Mais on peut on se demander pourquoi ne pas se satisfaire d’un seul juge, comme le font de nombreux pays. Il serait aisé de concevoir l’application, par un juge uniquement, de droits différents (administratif et privé). Sachons simplement que cette question du maintien de deux ordres de juridiction constitue un véritable débat.

La conception française de la séparation des pouvoirs et de la dualité de juridiction.

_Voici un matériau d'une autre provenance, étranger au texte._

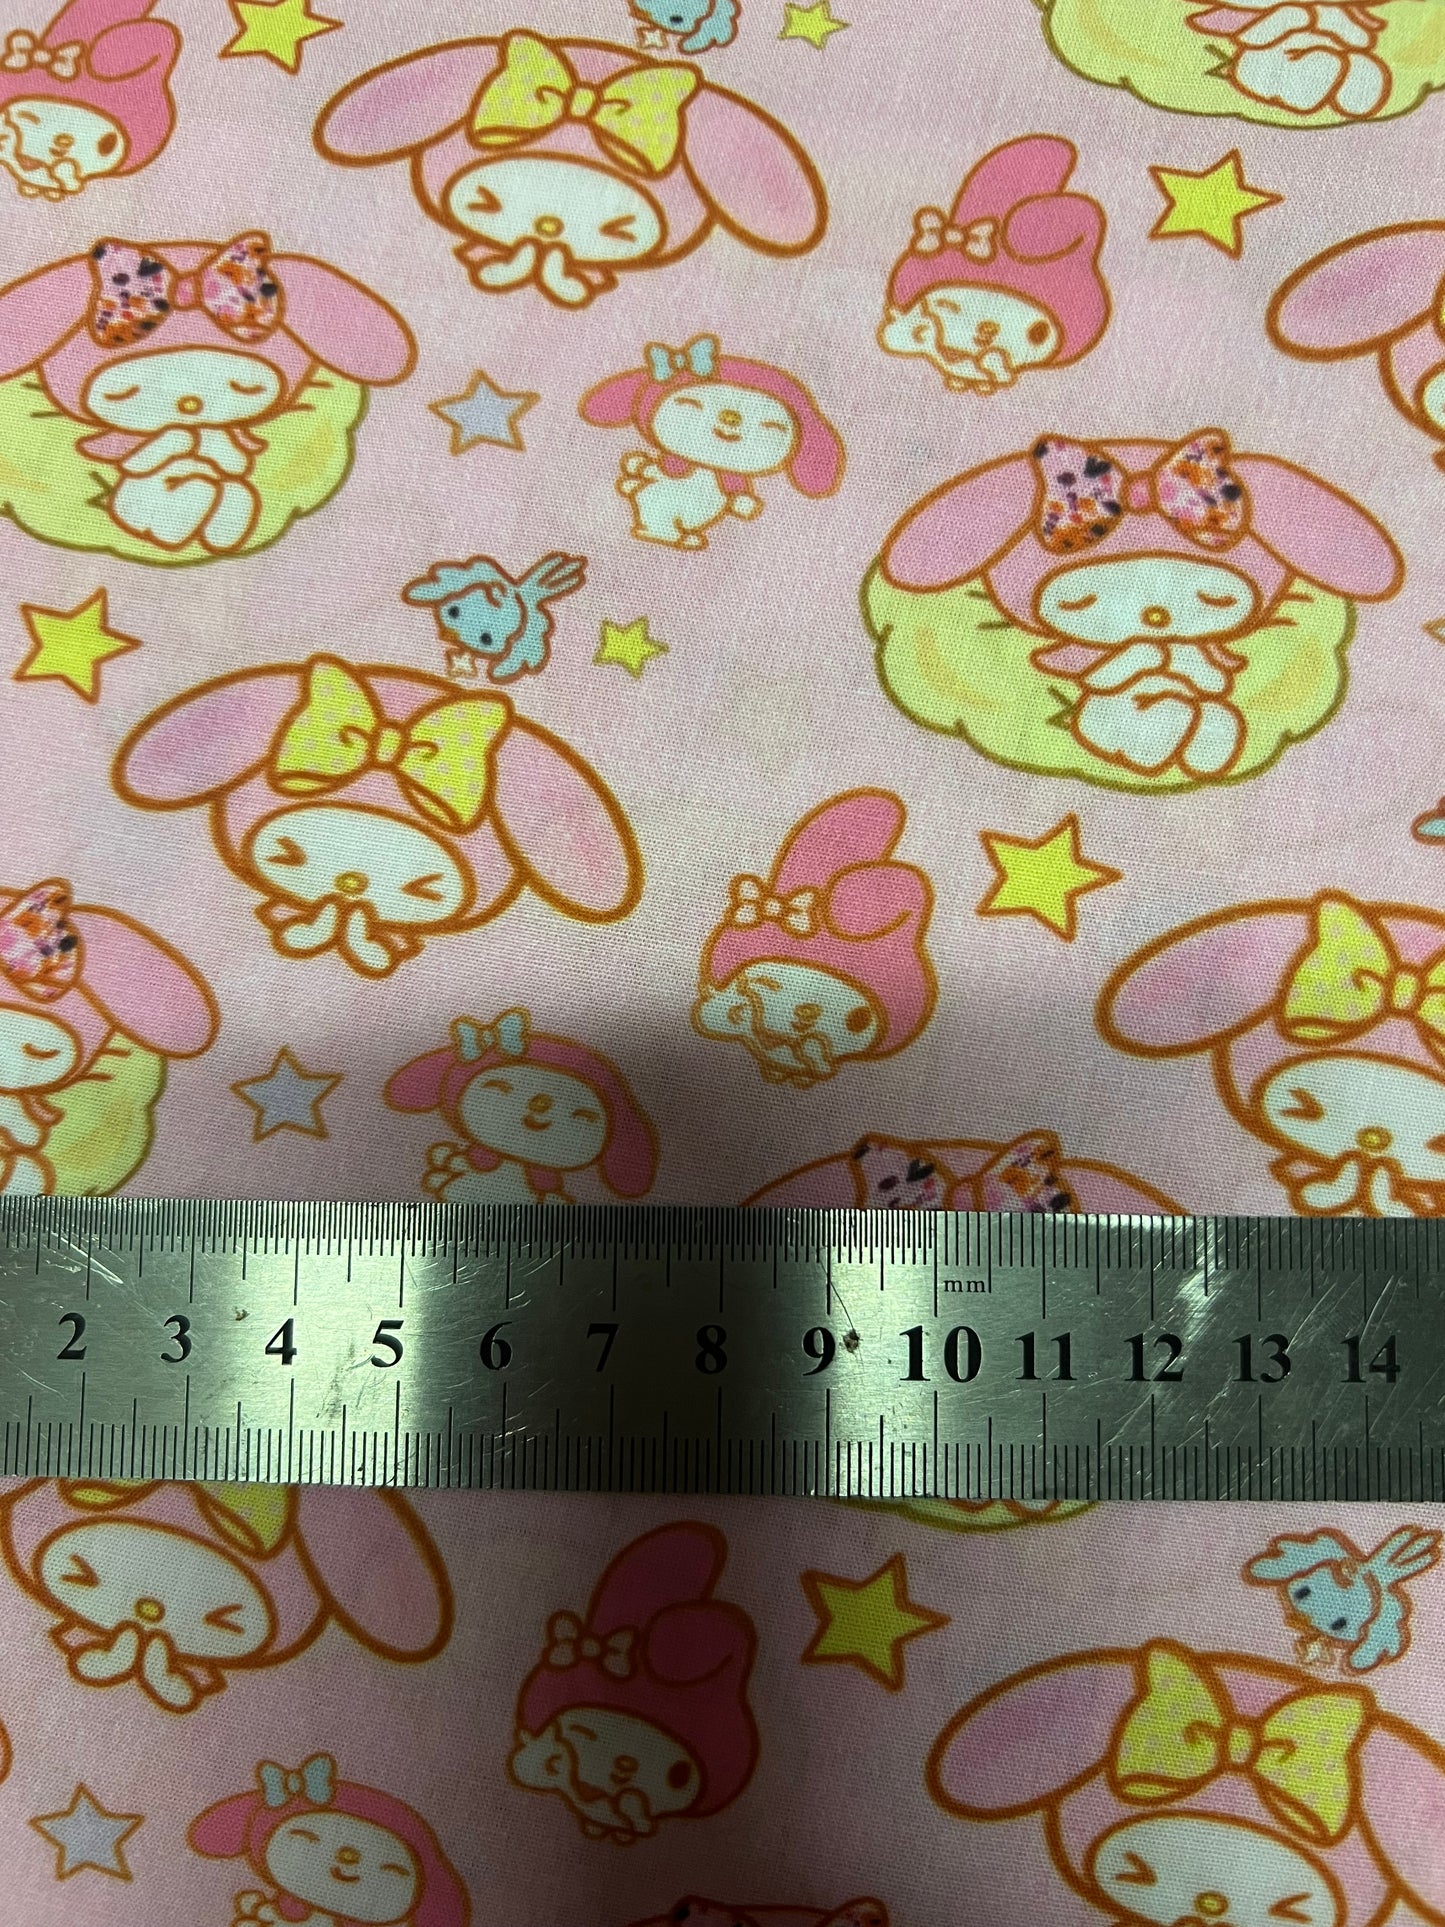 SLEEPY MY MELODY - Polycotton Fabric from Japan

Seul le Juge Administratif a fait preuve d’une séparation exigeante des deux juridictions. Il s’est interdit de se substituer à l’administration et de lui adresser es injonctions, si il a aujourd’hui revu son comportement ce n’est pas de son propre chef mais du fait d’une loi. Le Juge Administratif conserve cette idée qu’il est placé au sein de l’administration mais qu’il se démarque de la fonction d’administrer.

A l’inverse, lorsque le juge judiciaire est compétent en matière administrative, il n’a jamais hésité à substituer sa décision à celle de l’administration. Protégé par son statut constitutionnel, il s’est immiscé dans la gestion administrative.